EnvironmentJest ReporterVitest Reporter
Local devdefaultdefault
CIsummary + CI reporterdot + CI reporter
Claude Codesummarydot

What the Agent Sees

Before (default reporter, ~250 lines):

PASS src/components/Button.test.tsx (3 suites, 12 tests)
PASS src/components/Card.test.tsx (2 suites, 8 tests)
... (200+ more PASS lines)
FAIL src/components/Nav.test.tsx
● Nav > renders active state
expect(received).toBe(expected)
Expected: "active"
Received: "inactive"
Test Suites: 1 failed, 214 passed, 215 total
Tests: 1 failed, 847 passed, 848 total

After (summary reporter, ~10 lines):

FAIL src/components/Nav.test.tsx
● Nav > renders active state
expect(received).toBe(expected)
Expected: "active"
Received: "inactive"
Test Suites: 1 failed, 214 passed, 215 total
Tests: 1 failed, 847 passed, 848 total

Same failure details, 96% less output.

When all tests pass, the gap widens further. The default reporter prints every file name — 215 lines. The summary reporter prints two:

Test Suites: 215 passed, 215 total
Tests: 848 passed, 848 total

Trade-offs

You lose progress feedback. The summary reporter stays silent until the suite finishes. For long-running suites, the agent sees nothing until completion. In practice this has not mattered — AI agents do not need reassurance that the process is running.

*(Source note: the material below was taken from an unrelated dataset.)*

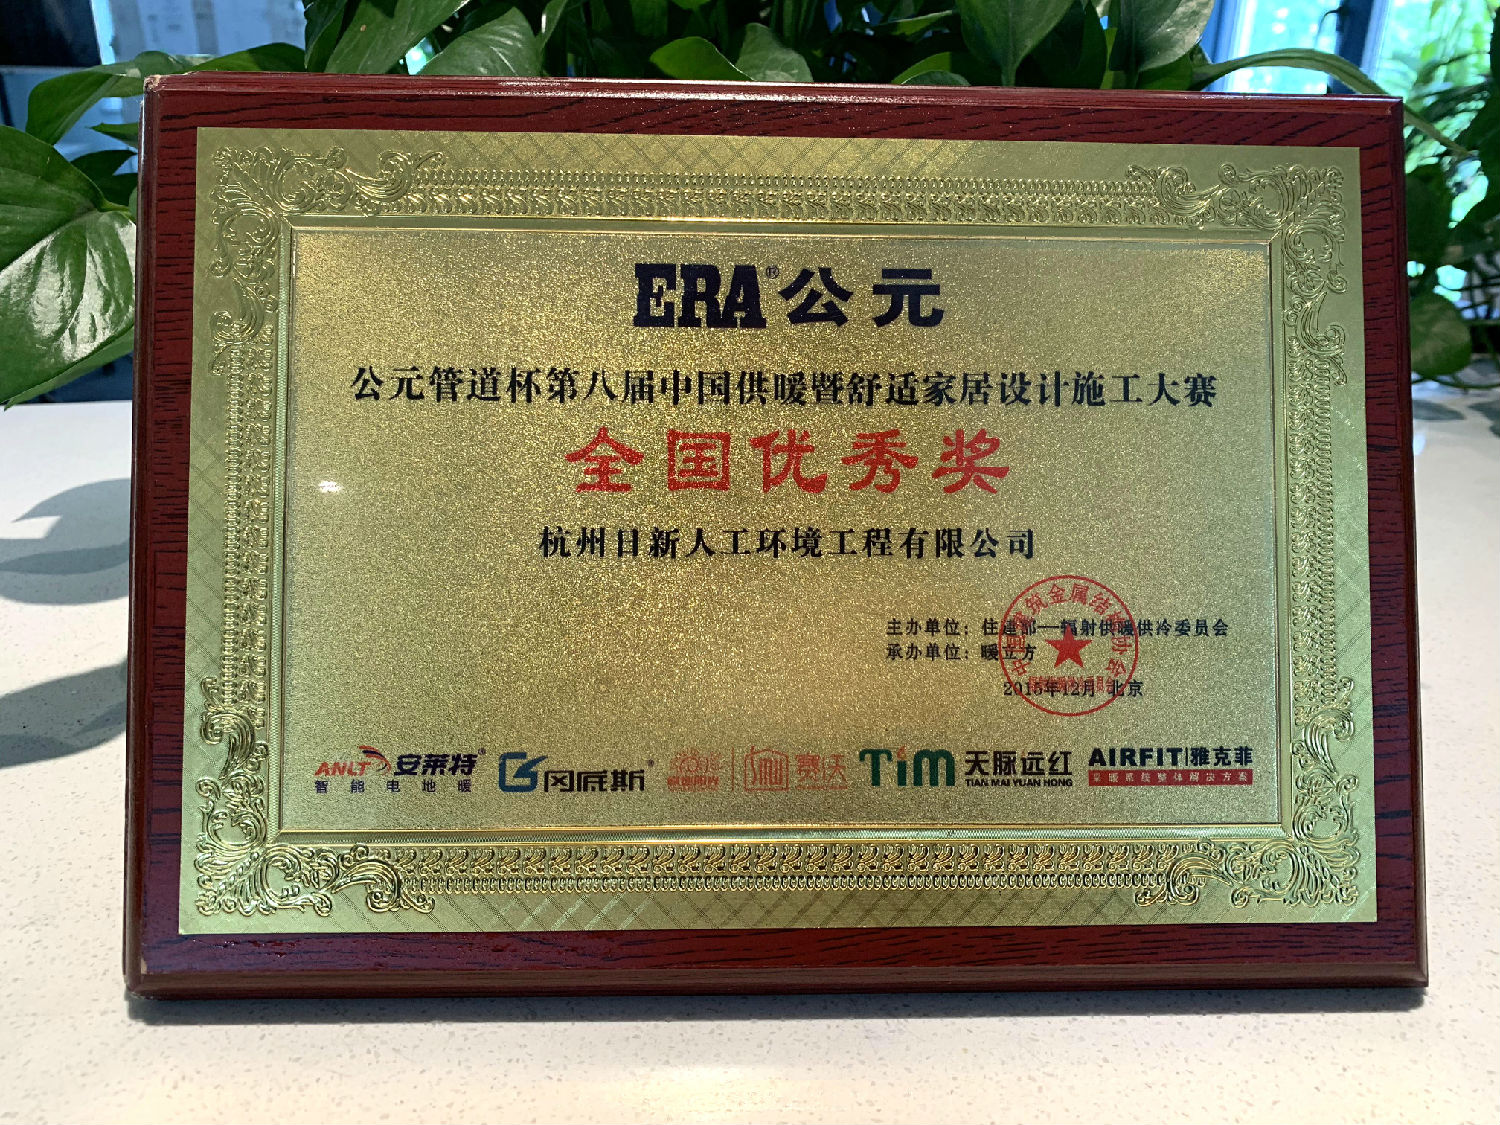 2015年日新环境在公元管道杯第八届中国供暖暨舒适家居设计施工大赛中荣获“全国优秀奖”

Debugging intermittent failures gets harder. The default reporter's per-file timing helps identify slow or flaky tests. Use the verbose reporter when investigating flakiness.

The Same Fix Applies to Linters and Build Logs

Test reporters are one interface between your tools and whatever reads the output. Linters and type checkers have the same problem. Anywhere a tool produces verbose output that an AI agent consumes, you can detect the environment and switch to a compact format. Check your test config — if process.env.CI is set and you're still using the default reporter, you're paying for output nobody reads.